Former top Credit Suisse shareholder Harris Associates sells out of the bank

One of Credit Suisse’s longest-serving shareholders has sold his entire stake in the scandal-plagued Swiss bank after losing patience with its strategy amid continued losses and an exodus of customers.

US investment manager Harris Associates, whose deputy chairman and chief investment officer David Herro was for many years among the Swiss bank’s most prominent supporters, owned a whopping 10 percent of Credit Suisse shares last year.

Harris began to scale back his exposure in October following the fundraising of SFr4bn ($4.3bn), when Saudi National Bank supplanted it as the top investor, and had now completely divested, Herro told the Financial Times.

“There is a question about the future of the franchise. There has been a large outflow from asset management,” he said, referring to the SFr111 billion that Credit Suisse clients have withdrawn in the last three months of 2022, especially after rumors of the bank’s financial health emerged on social media.

“We have many other options for investing,” he added. “Rising interest rates mean that many European financial institutions are going the other way. Why choose something that burns capital when the rest of the industry is generating it now?”

Harris still owns shares in several European financial institutions, including Lloyds Banking Group, Intesa Sanpaolo, BNP Paribas, Julius Baer and German insurer Allianz.

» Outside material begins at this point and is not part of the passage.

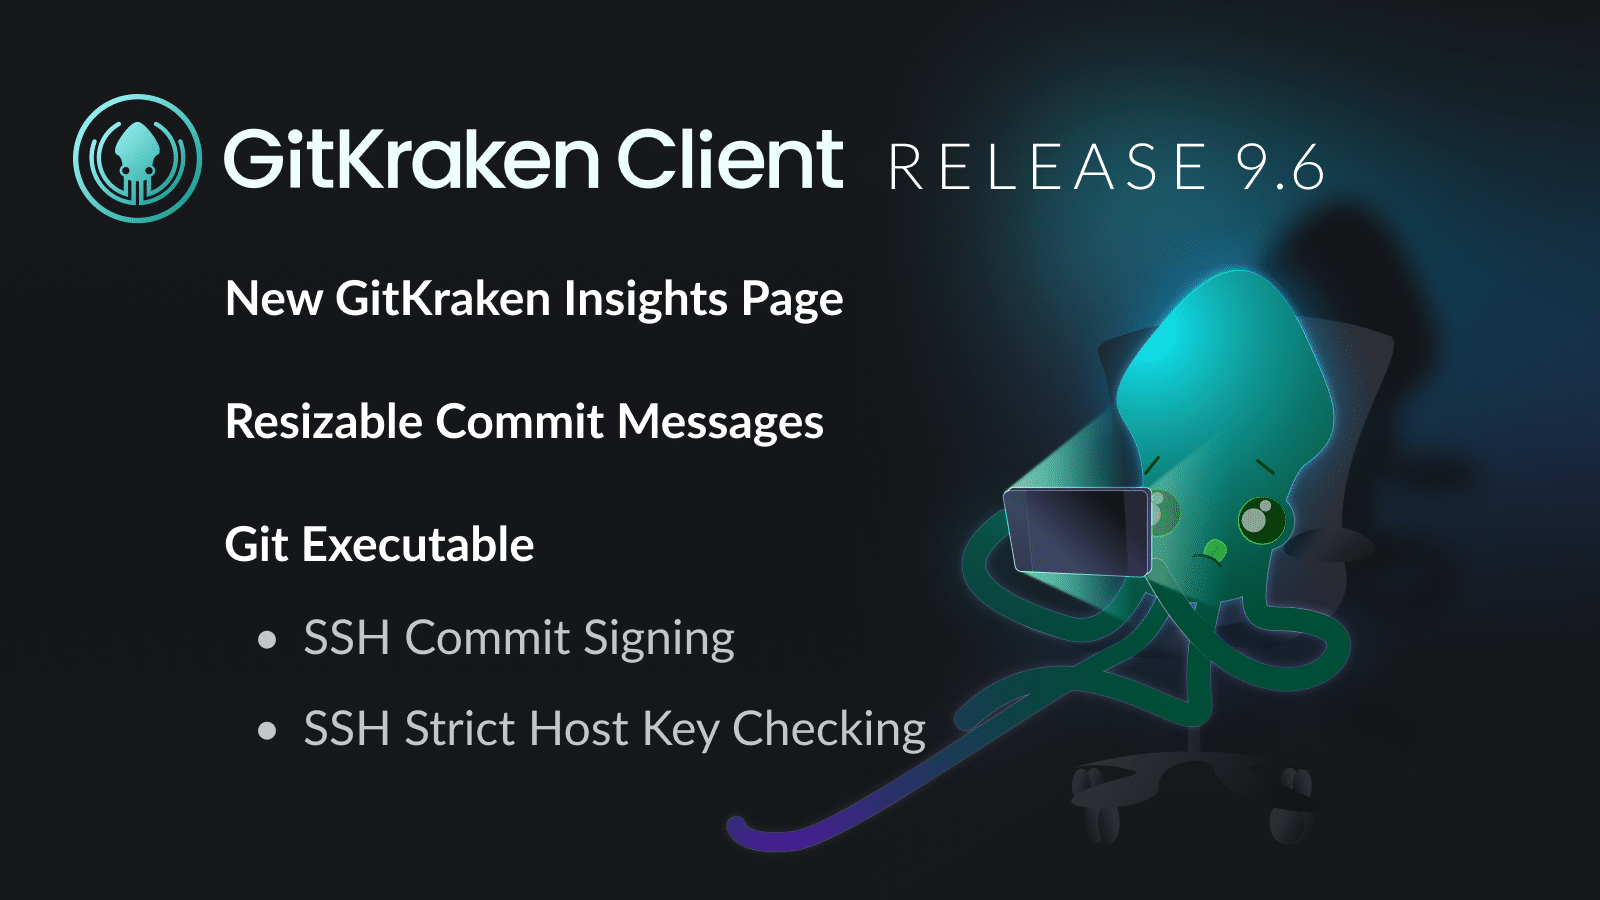 GitKraken Client Release 9.6
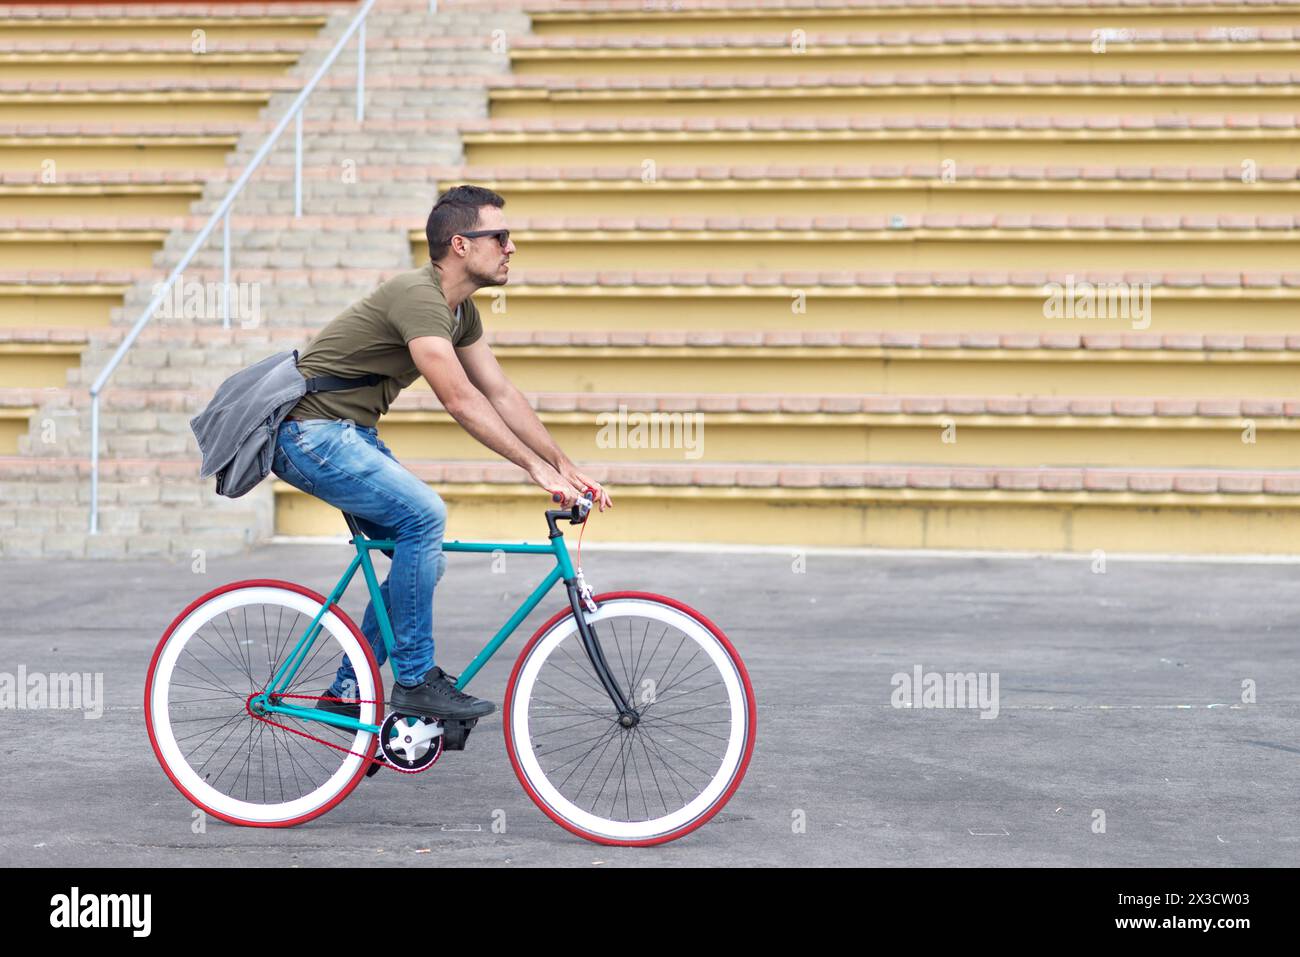 Ein fokussierter Mann in lässiger Kleidung fährt in einer urbanen Umgebung ein Fahrrad mit festem Gang, mit einer Kuriertasche über der Schulter, die den aktiven, umweltfreundlichen tran darstellt Stockfoto

It has more confidence in their prospects as rising interest rates boost their credit margins, profitability and ability to pay dividends and buy back shares.

Herro isn’t convinced that Credit Suisse’s latest radical restructuring, which includes spun off its investment bank and bolstered its asset management business, can change the 167-year-old lender’s fortunes.

Harris is particularly frustrated with the cost and lack of transparency of the investment banking spin-off deal with former board member Michael Klein — which will revive the First Boston brand name — and the agreement to sell its securitized products business to private equity group Apollo.

“We find the plan to restructure the investment bank, while a noble goal, cumbersome and much more costly in terms of cash burn than we expected,” said Herro. “We were also not satisfied with what we got in terms of yield. . . from the sale of securitized products.”

Credit Suisse said it was “ahead of our plan” and stressed that it had “clear strategic objectives”, adding: “We are focused on successfully executing our plan and achieving our goals to ensure that the new Credit Suisse delivers sustainable value for all our stakeholders.”

Credit Suisse last month reported a loss of SFr 7.3 billion for 2022, its second consecutive annual loss and the largest since the global financial crisis. The bank also indicated that there would be a “significant loss” this year.

Shares of the bank hit an all-time low of SFr2.52 on Thursday following a flurry of negative media stories about the struggle to retain staff and preserve client assets. Although it ended the week at SFr 2.78, the stock is down 77 percent over the past two years.

Herro was an active shareholder, fighting but failing to retain former CEO Tidjane Thiam and dismayed chairman Urs Rohner after the CEO was embroiled in a corporate espionage scandal in 2019.

Harris first bought Credit Suisse stock in 2002 when it cost less than SFr30, then sold it all before the financial crisis in 2008 at prices between SFr60 and SFr70, according to filings.

It bought back in 2009, when the price had fallen to around SFr 23, and saw a value opportunity. After initially rising to SFr 56, shares have since fallen steadily.

In May 2012, Harris owned 37 million shares in the group, which at the time were worth just over SFr 600 million, but would be valued today at SFr 103 million.

“It’s been a measurable drag on our performance,” said Herro. ‘You can’t win every time – it’s the business I’m in. We meet every company we own, but you spend a lot more time with your problem kids. Credit Suisse has been a waste of time and value for years.”

The two largest shareholders in Credit Suisse are now the Saudi National Bank, which bought a 10 percent stake last year as part of the capital raise, and the Qatar Investment Authority, which increased its stake to 7 percent at the same time.

Other U.S. investors who have cut their holdings include the $327 billion San Francisco-based asset manager Dodge & Cox, which held a peak of 5.11 percent of the stock at the end of 2020, according to the data submitted. This is now at 3.1 percent.

Artisan Partners, a top-five shareholder last year and bought into the group shortly after the appointment of former chairman António Horta-Osório, has sold out completely over the past six months.